I have this requirement of dumping big JSON file with over 700K records into ES directly. However the JSON I have is formatted in PRETTY array format as below:

STRING 1:
indent preformatted text by 4 spaces

[
  {
    "recordId": 1,
    "FirstName": "Julie",
    "LastName": "Klier",
    "FullName": null,
    "email": "asdasd@gmail.com",
    "name": "sd fghgfh",
    "company": null,
    "leadsource": "MOT",
    "status": "Qualified",
    "site_id__c": "155731983",
    "createdDate": "2019-08-13T20:41:34",
    "sf_lead": [],
    "sf_contact": [
      {
        "id": "0031I00000tjNCxQAM",
        "accountid": null,
        "lastname": null,
        "firstname": null,
        "name": "Julie Klier",
        "email": "sadsad@gmail.com",
        "leadsource": "MOT",
        "createddate": "2019-08-13T20:41:34Z",
        "site_id__c": "155731983",
        "asi__c": null
      }
    ],
    "sf_account": [],
    "sf_oppurtunity": [
      {
        "id": "0061I00000J4DZWQA3",
        "contactid__c": null
      }
    ],
    "sf_campaign": [
      {
        "id": "7013u000000mlLyAAI"
      }
    ],
    "asidta_customer": [],
    "asidta_ordrhist": [],
    "asidta02_customer": [],
    "asidta02_ordrhist": [],
    "asidta04_customer": [],
    "asidta04_ordrhist": [],
    "asidta05_customer": [],
    "asidta05_ordrhist": []
  }
]

Now I want to convert this into below format:

STRING 2:

      {"index":{"_index":"allreportingdata","_id":1}}
  {
    "recordId": 1,
    "FirstName": "Julie",
    "LastName": "Klier",
    "FullName": null,
    "email": "asdasd@gmail.com",
    "name": "sd fghgfh",
    "company": null,
    "leadsource": "MOT",
    "status": "Qualified",
    "site_id__c": "155731983",
    "createdDate": "2019-08-13T20:41:34",
    "sf_lead": [],
    "sf_contact": [
      {
        "id": "0031I00000tjNCxQAM",
        "accountid": null,
        "lastname": null,
        "firstname": null,
        "name": "Julie Klier",
        "email": "sadsad@gmail.com",
        "leadsource": "MOT",
        "createddate": "2019-08-13T20:41:34Z",
        "site_id__c": "155731983",
        "asi__c": null
      }
    ],
    "sf_account": [ ],
    "sf_oppurtunity": [
      {
        "id": "0061I00000J4DZWQA3",
        "contactid__c": null
      }
    ],
    "sf_campaign": [
      {
        "id": "7013u000000mlLyAAI"
      }
    ],
    "asidta_customer": [],
    "asidta_ordrhist": [],
    "asidta02_customer": [],
    "asidta02_ordrhist": [],
    "asidta04_customer": [],
    "asidta04_ordrhist": [],
    "asidta05_customer": [],
    "asidta05_ordrhist": []
  }

Can someone please help me to achieve this? Also what is this STRING 2 called ?

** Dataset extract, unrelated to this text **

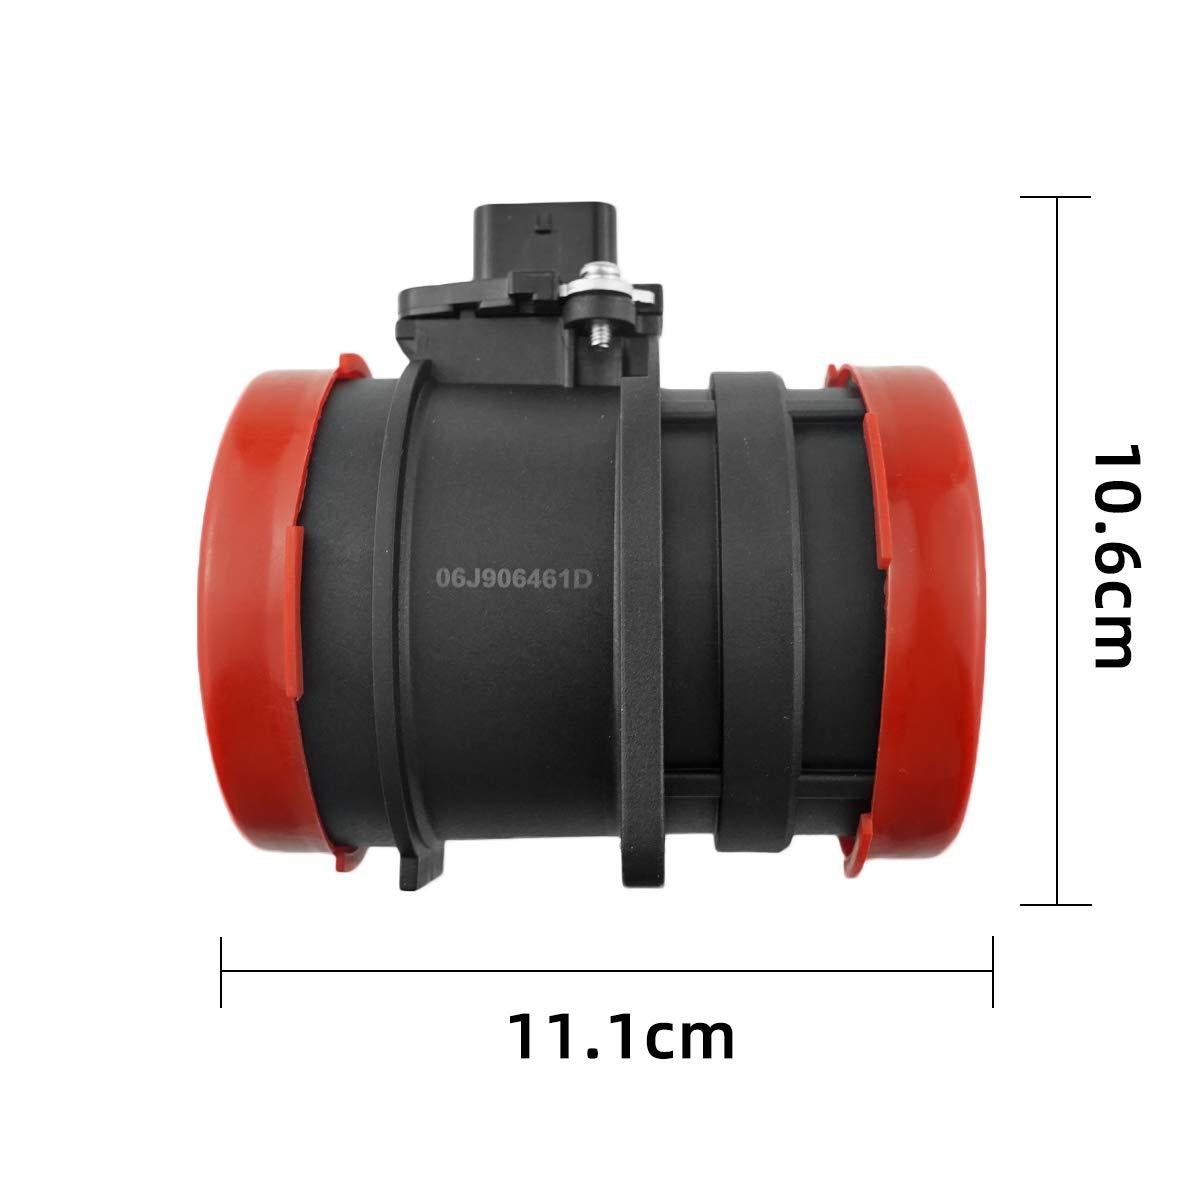 06J906461D Mass Air Flow Sensor Meter MAF For VW 09-13 Audi A3 Quattro 10-12 Audi A5 Quattro 07-13 Audi TT 09-13 Volkswagen GTI 2505079 AFH6037

The bulk format does not support pretty printing. Each document need to be on a single line.

Ok, so is there a way to convert this pretty format into single line format using some tool ? Also what is this single line JSON called ?

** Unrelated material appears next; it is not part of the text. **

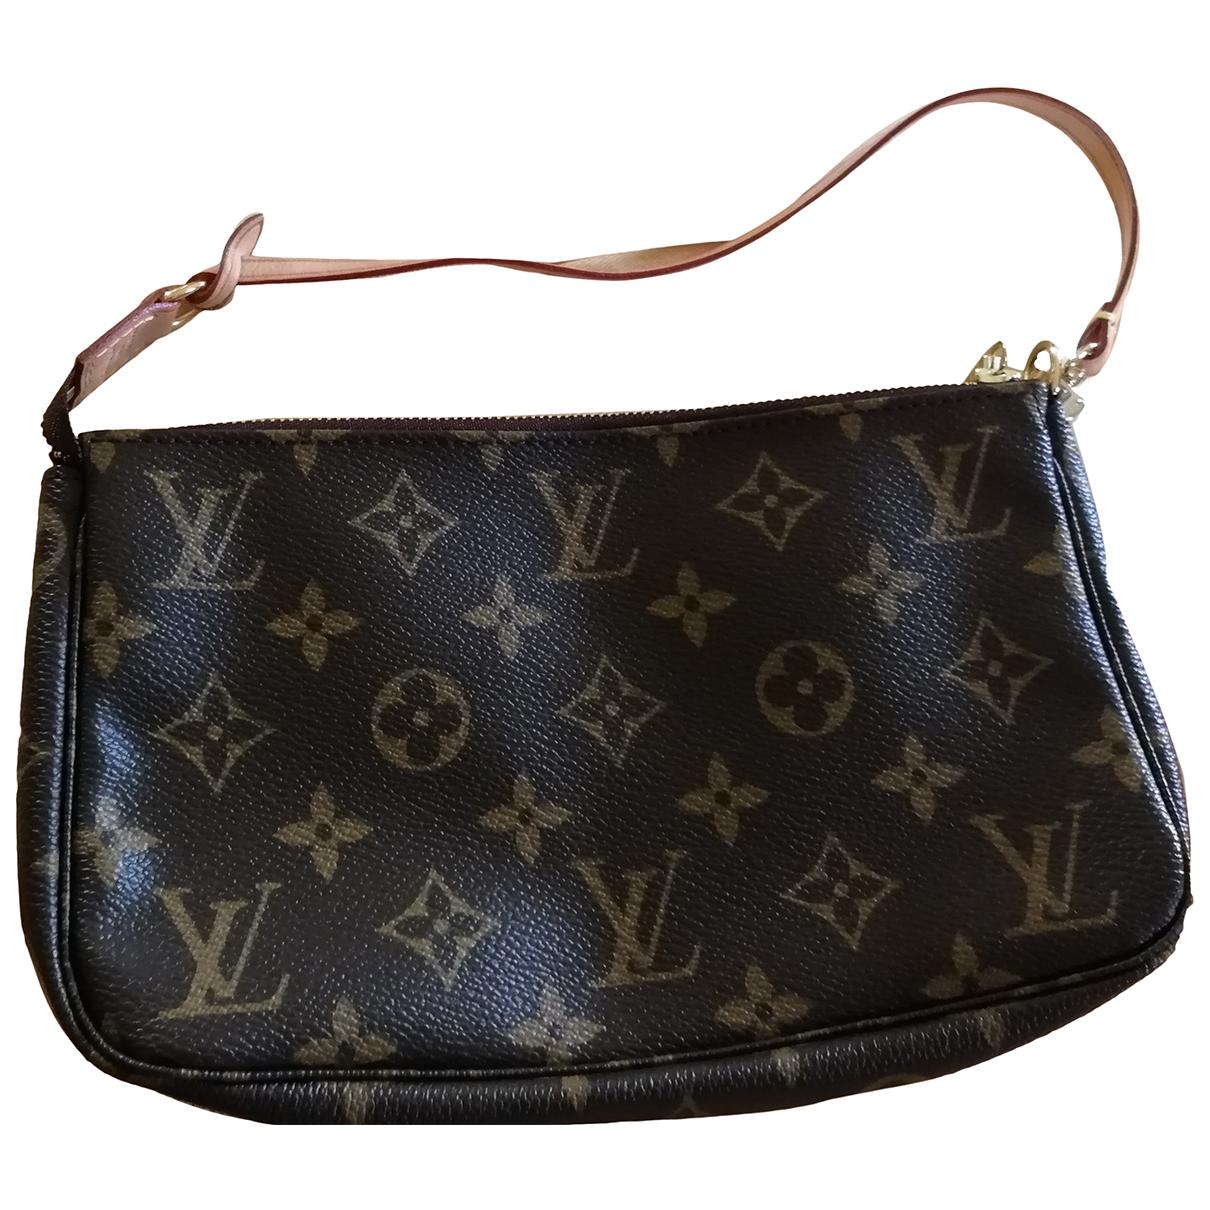 Louis Vuitton Pochette Accessoire Clutch in  Braun Leder

I would recommend creating a script to reformat this, e.g. using Python. Also note that the bulk api is designed for sending multiple events per request. Each request should however generally be no larger than 5MB so your data set would result in multiple bulk requests.

There's a lot of different tools that you can use for this. Writing a script in Python as @Christian_Dahlqvist suggests is on way, using something like jq is another e.g.

cat example.json | jq -c

This format is newline-delimited JSON (NDJSON), whereby each line is an individual JSON document, separated by a newline (\n, and also \r\n).

This topic was automatically closed 28 days after the last reply. New replies are no longer allowed.